NoEnableOnUpgrade written at 00:02:15; Add Comment

2015-08-12

What common older versions of free are telling you

Yesterday I wrote about what free was really telling you, using the output (and manpage) from the version of free on Fedora 22. As Alan noted in a comment on my entry, there are actually two versions of free, with somewhat different output. The older version reports:

; free -m
             total   used   free  shared  buffers  cached
Mem:         16018  15760    258       3       72   12924
-/+ buffers/cache:   2763  13254
Swap:         3811     19   3792

This version is apparently on Debian machines and is definitely on Ubuntu up to 14.04 LTS and RHEL/CentOS up to RHEL 7, which covers most of the machines out there. The change in output turns out to have been introduced in procps-ng 3.3.10, which was released around September of 2014. Very few distributions seem to have picked up the new version, although it is in Debian testing (and Fedora, obviously).

(Although Debian and Ubuntu call the package 'procps', they're actually using procps-ng. The history here is tangled.)

The useful thing to know here is that in this older version of free, what is reported in cached is only the /proc/meminfo Cached field. The Slab memory usage is not reported anywhere, which matters because a certain amount of kernel caches are actually in slabs, not in the page cache.

So, you might ask, how much kernel memory is typically used in slabs? The answer appears to be 'generally not much'. On our fleet of machines slab usage seems to typically run in the 150 MB to 300 MB range; several machines have several hundred MB, and a few exceptions have around 1 GB to 1.5 GB of slab usage.
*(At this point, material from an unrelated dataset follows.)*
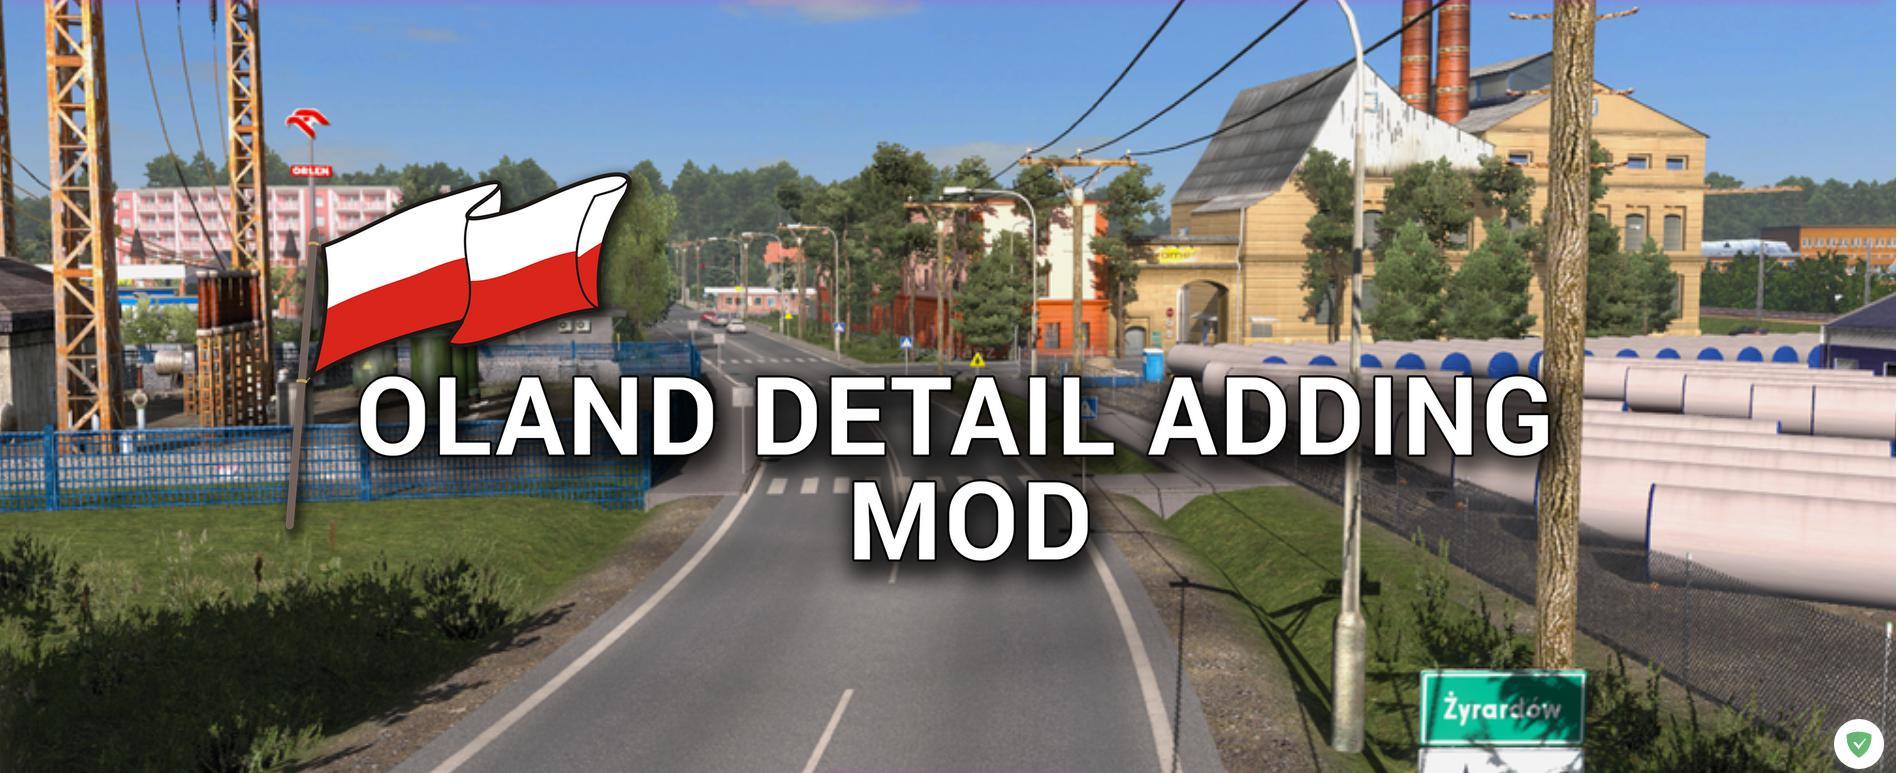 POLAND DETAIL ADDING MOD 1 35 MAP -Euro Truck Simulator 2 Mods
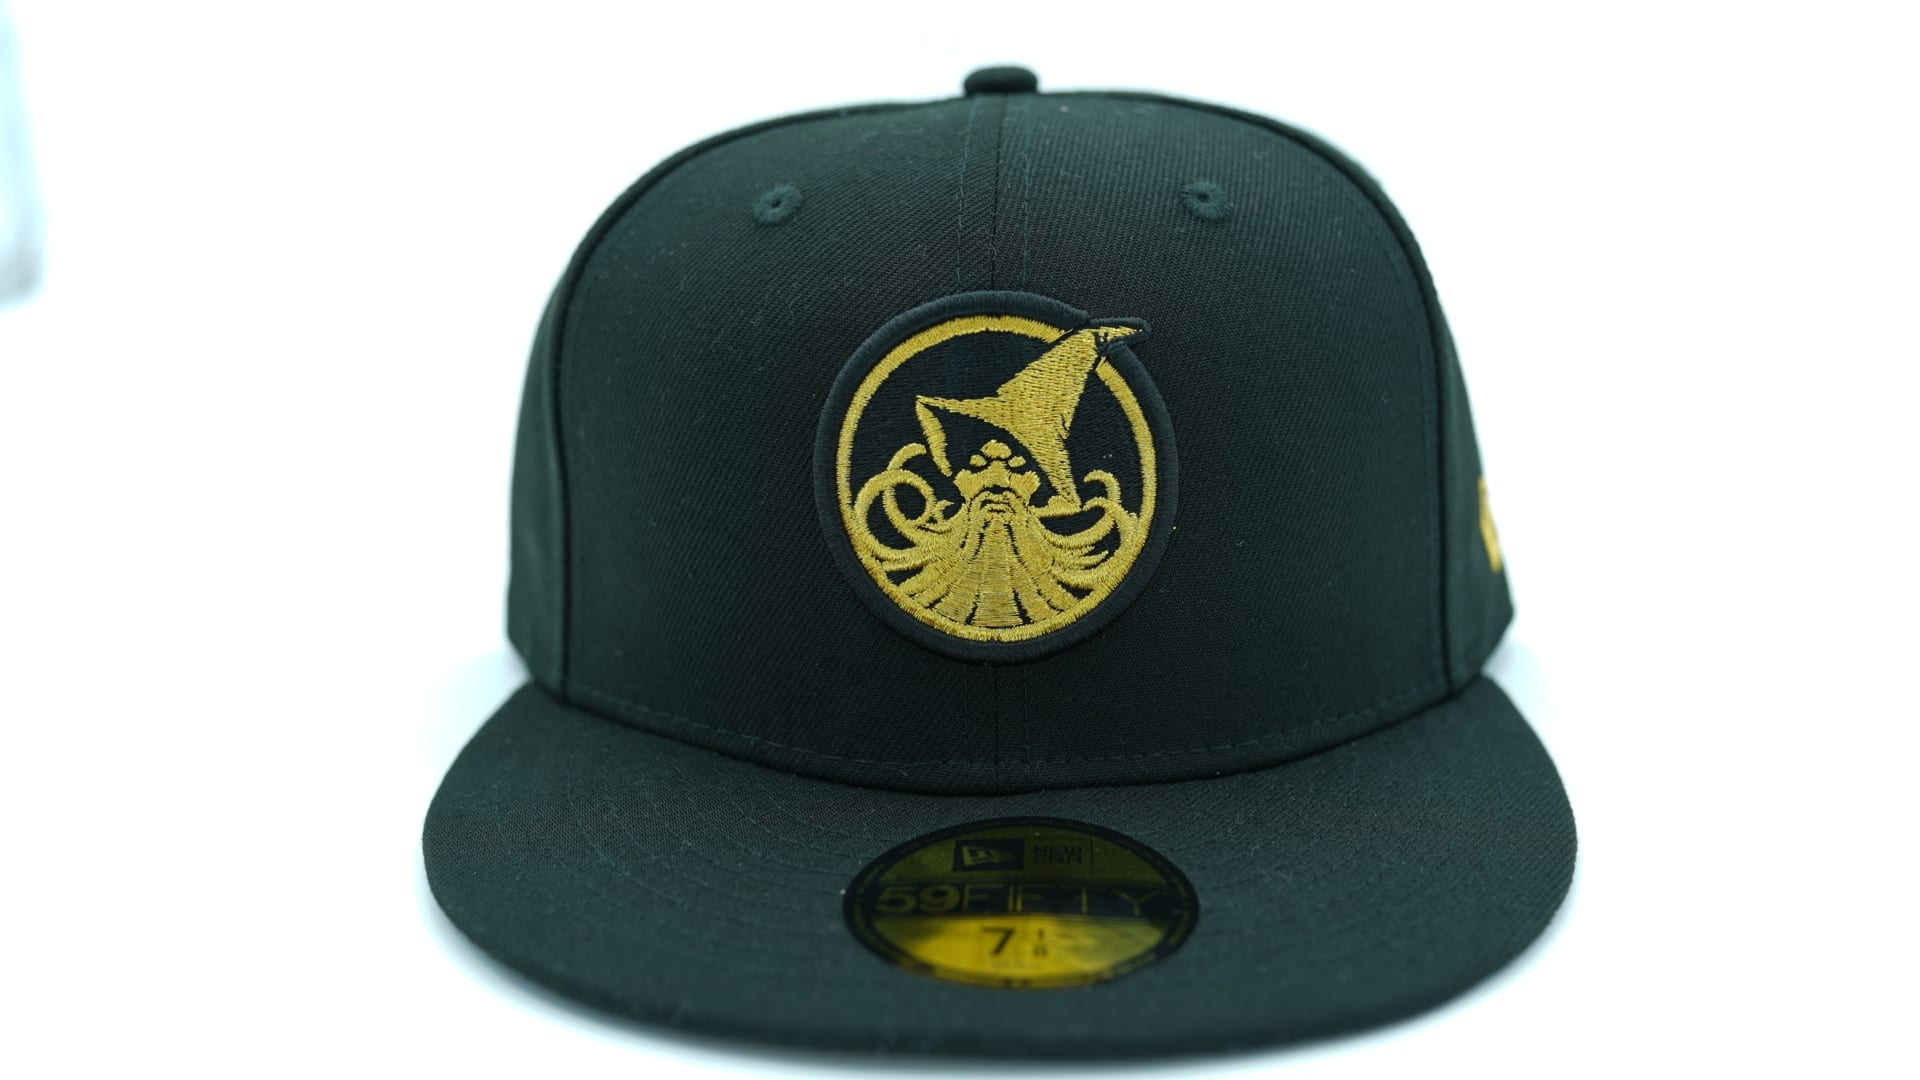 custom-heat-59fifty-new-era-fitted-baseball-cap-pink-teal_2

My office workstation is a drastic outlier, but that's because ZFS on Linux currently puts much of the ZFS ARC into the slab allocation system instead of having it as part of the page cache.

(On our big-slab machines, 'slabtop -s c' says that most of the slab usage seems to be eaten up by dentry and inode slabs, either for local filesystems or for NFS depending on the machine.)

(This is yet another case where writing entries here has turned out to be educational.)

FreeAndMeminfoII written at 01:38:49; Add Comment

2015-08-11

What free is really telling you, and some bits from /proc/meminfo

The free command is a pretty venerable Linux sysadmin tool; often it's one of the first things I reach for when I suspect that a system might be having RAM problems. Its normal output certainly looks straightforward enough, but as I discovered recently it's always good to actually look up the details of this stuff.

So let's start with the normal output:

; free -m
      total   used   free  shared  buff/cache  available
Mem:  32158  13111    683      33       18363       9727
Swap:  4094      0   4094

Total is the total physical memory. 'Used' is a calculated figure; according to the manpage, it's total minus free and buff/cache (and does not include shared). buff/cache is the sum of what 'free -w' will show separately as buffers and cache, and this is where life gets interesting.

Free's buffers is /proc/meminfo's Buffers field, which according to the fine documentation is:

Relatively temporary storage for raw disk blocks
shouldn't get tremendously large (20MB or so)

That size info is clearly what they call 'a little bit out of date', considering that our normal machines run around 400 MB of Buffers. There can be variations from this, and in particular my machine running ZFS on Linux usually has substantially more space in Buffers; right now it's almost 4 GB.

Free's cache is the sum of meminfo's Cached and Slab fields. Cached is the page cache, which is used by normal filesystems to hold pages read off disk (or in the case of NFS, off the network). Slab reports the amount of memory used by the kernel's slab allocator. Calling this cache is potentially misleading, since the slab allocator is widely used all through the kernel for many, many things as you can see by looking at /proc/slabinfo or running slabtop, in both cases as root (note that slab merging can make the slab names somewhat misleading). However it's true that some of the kernel's slab memory usage is for 'caches' (broadly construed).

Free's available is meminfo's MemAvailable, which is a kernel estimate based on a bunch of internal heuristics that I'm not going to try to write up. These heuristics can be wrong for various reasons, including kernel subsystems that can shrink their slab usage under memory pressure but don't put the right magic markers on their slabs so that some of their slab usage shows up in MemAvailable.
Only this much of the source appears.